I agree. There’s absolutely not point in hiding when it’s completely obvious that you need help.
There’s always going to be someone who’s “doing better” than you are, so why focus on it? I agree with Alfie Kohn that competition is a malevent force in our society. And I DISagree with Seth Godin’s view on the subject.
“The Farmer” was manipulating you from the beginning, even before you met him, and this has been painfully obvious to me. I suspect that it has been willful ignorance on your part that has kept you from seeing it. The question is, do you see it now?
Perhaps you don’t want to see it because you love him. But as long as it’s his intention to control you, how can this relationship ever work?
I’m quite convinced that’s what he’s up to.
What do YOU think?
Hey Penelope, I’ve never been married but my married friends all say the first year is the hardest, for loads of reasons, even if youre happy. Also you’ve moved house & had a re-furb which are both stressful anyway. And your point about everyone knowing you locally may not be as much of a problem as you not knowing them back all that well yet? Which you will eventually, its all part of settling in eh.
Anyways, I love your blog so much I’m convinced I’m responsible for at least 50% of your UK traffic ;-) I let everyone know about it. Love your honesty, keep up the blogging, you wont be lost for long….
Wow. You are really good. For whatever its worth, your writing really speaks to me. Thank you and good luck.
P.s. it is clear that you are ambivalent about the farm. Maybe there is a balance between total rural seclusion and frantic big city life.
enjoy it! my lost moments are the best. I also married a farmer 8 years ago. He has opened a whole new world for me, the one I would never know without him, because we tend to socialize with people who confirm our existence. My farmer challenges my existence, that’s why my productivity, career, and wealth doubled with him. Lean into the pain, embrace it, breathe more. I am serious, you will remember these moments fondly 8 years from now. Good luck, Lien
I like that…”A colorful blur in an unsettled space”
You said exactly what I feel like in my own life right now.
ps Just got your book – looking forward to reading it!
You are just using the ‘farmer’ as a writing technique and it’s gotten very boring. Dump the ‘farmer’ sex toy, get yourself a good vibrator, find a way to have at least three full-body orgasms each week and stay in Manhattan. Your writing will improve and you will get the attention you need.
Ted Lesher doesn’t get that a vibrator is not something to love, does not love one’s children or oneself, and has no new insights to offer (other than there’s nothing lonelier after a while than mechanical sex, in all its guises). Ted, you are a dope.
EVERYONE feels “lost” at some time or another. Thank you for being bold and honest enought to share it.

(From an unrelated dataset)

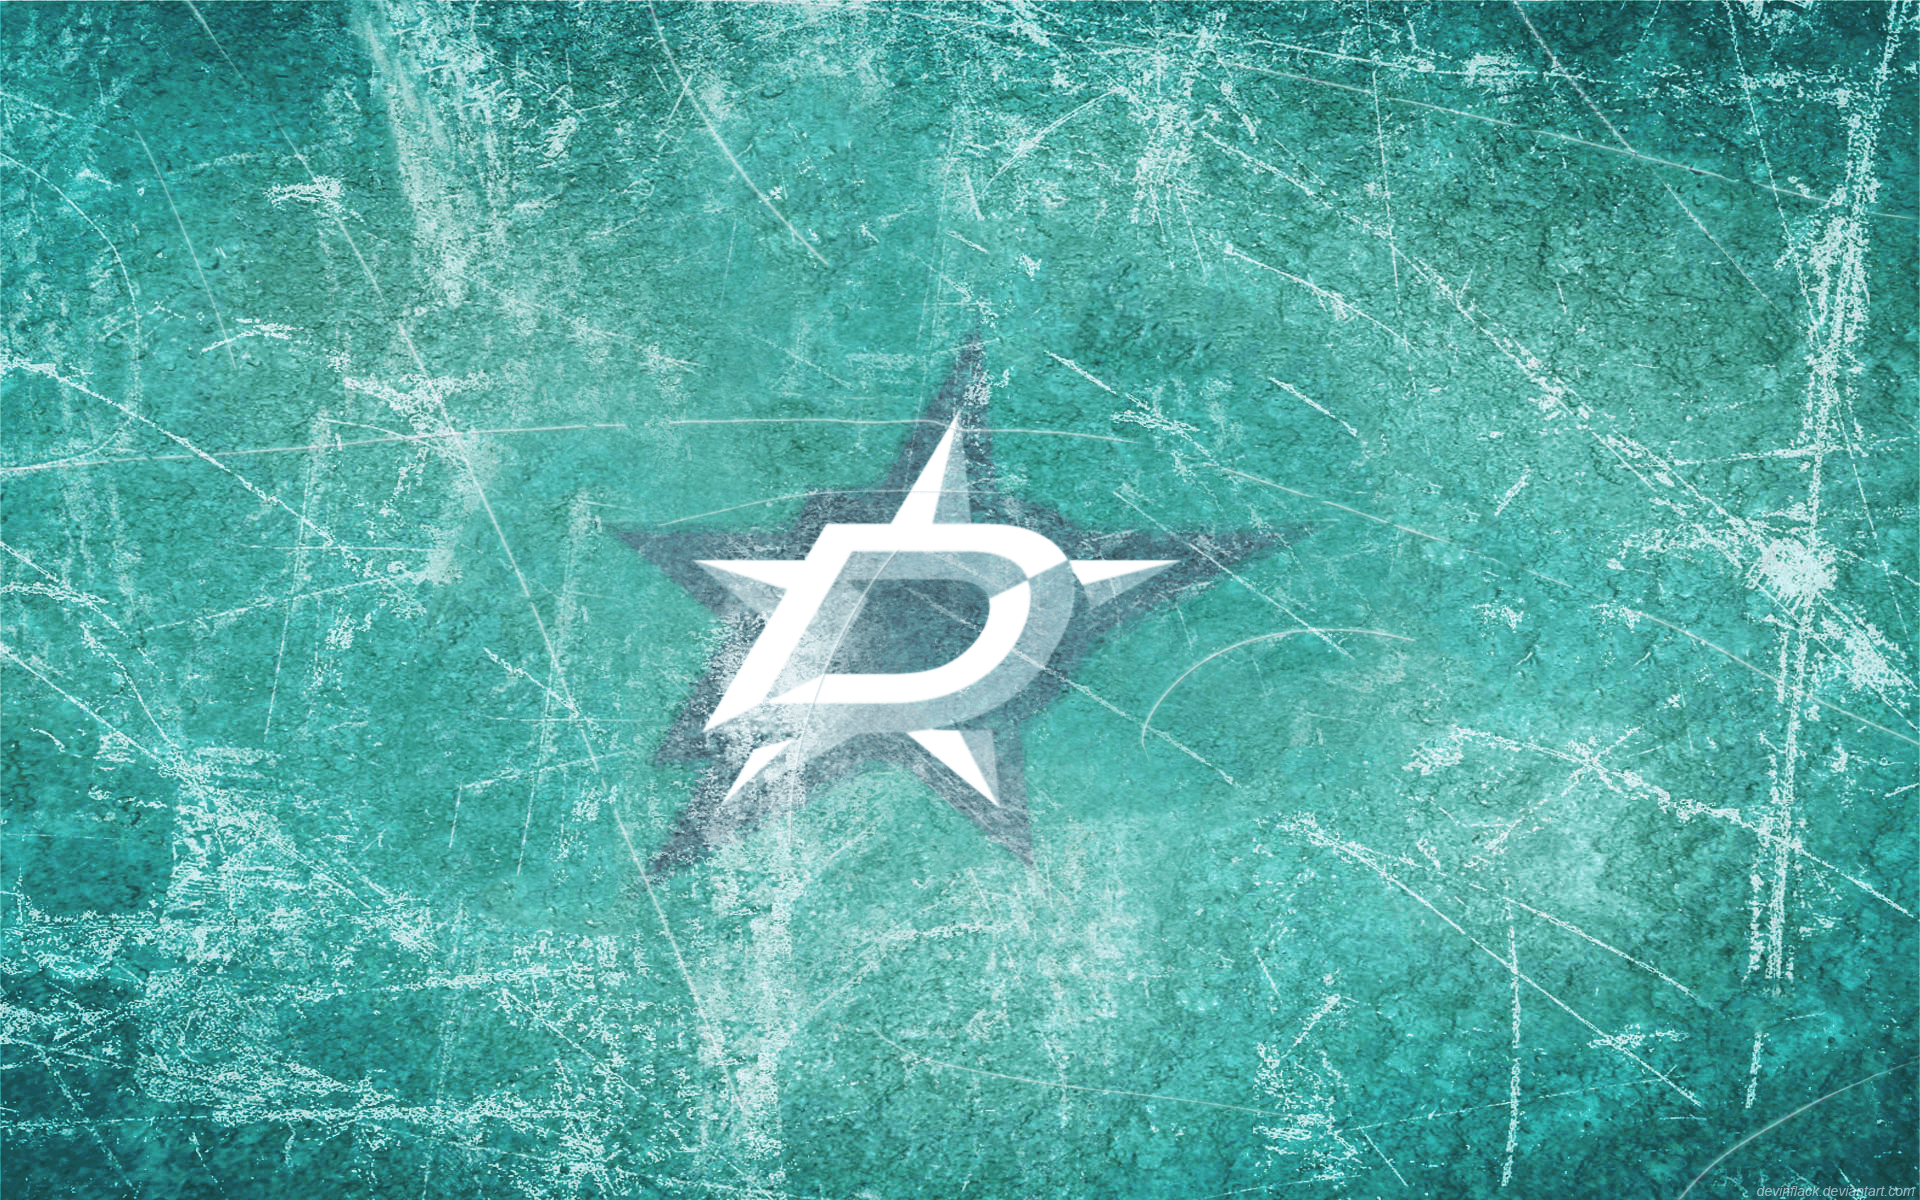 Sports Dallas Stars HD Wallpaper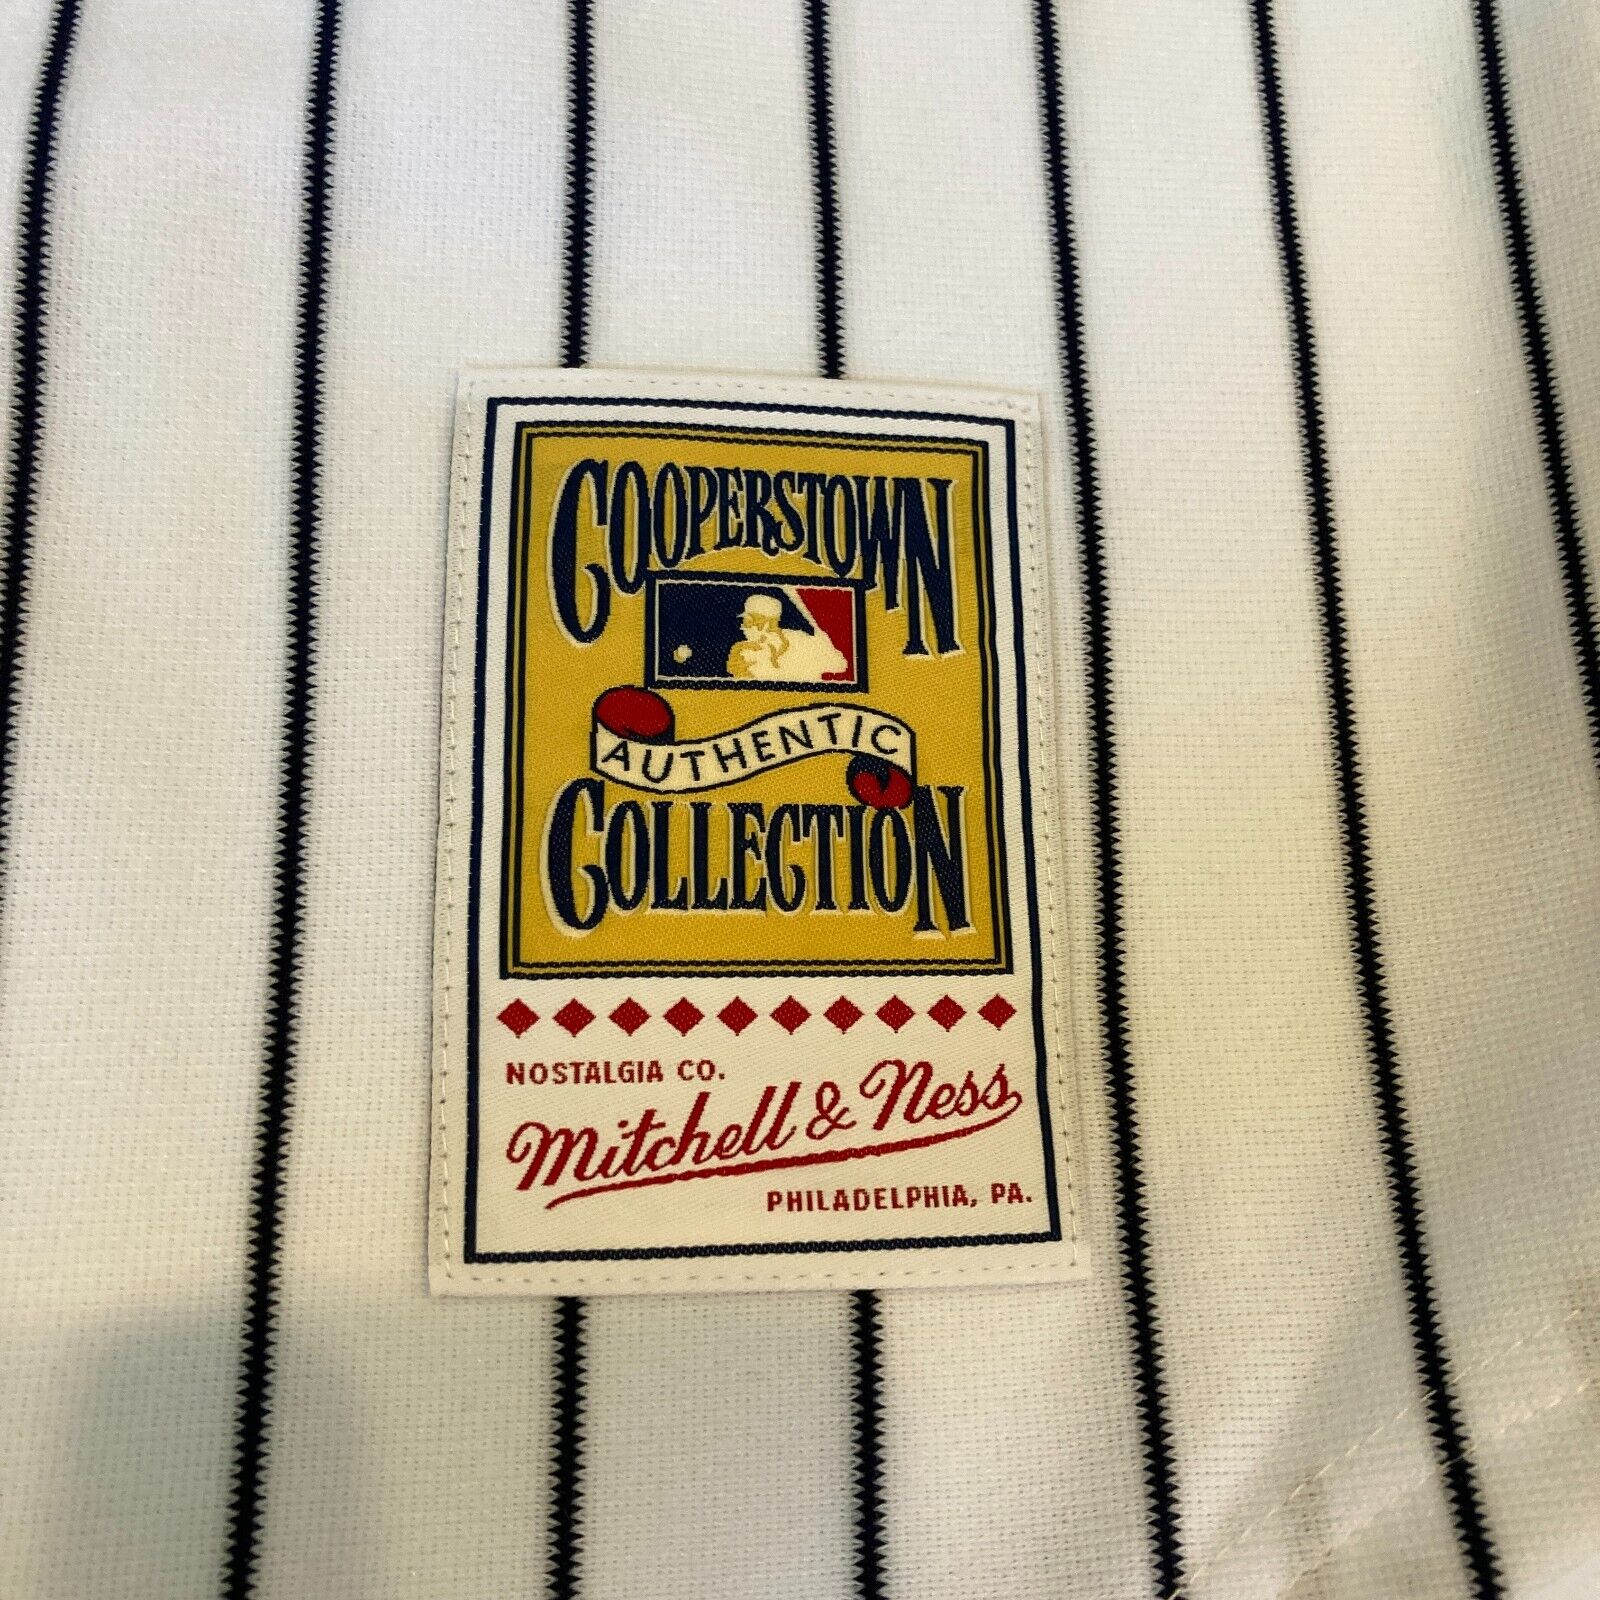 Shop Mitchell & Ness New York Yankees Mariano Rivera 1995

I grew up in a small town where everyone knows you. I know how hard it is. I didn’t want to move back to a small town like that, but I did because it was (surprisingly) the best thing for our family. It’s hard, I know. You have to get past caring about the fact that everyone knows you and your business. I’m not sure exactly how to do that. I know it takes a long time. My mom has never really gotten over it, and she has lived in a town like that for 30+ years. But for me, I decided, I could find happiness here or I could be miserable. I choose happiness. It may not seem “right” that they all know your business and you’re the outsider. But that doesn’t really matter to them. They won’t change. It’s up to us. We have to chose, everyday. Happiness? Or not.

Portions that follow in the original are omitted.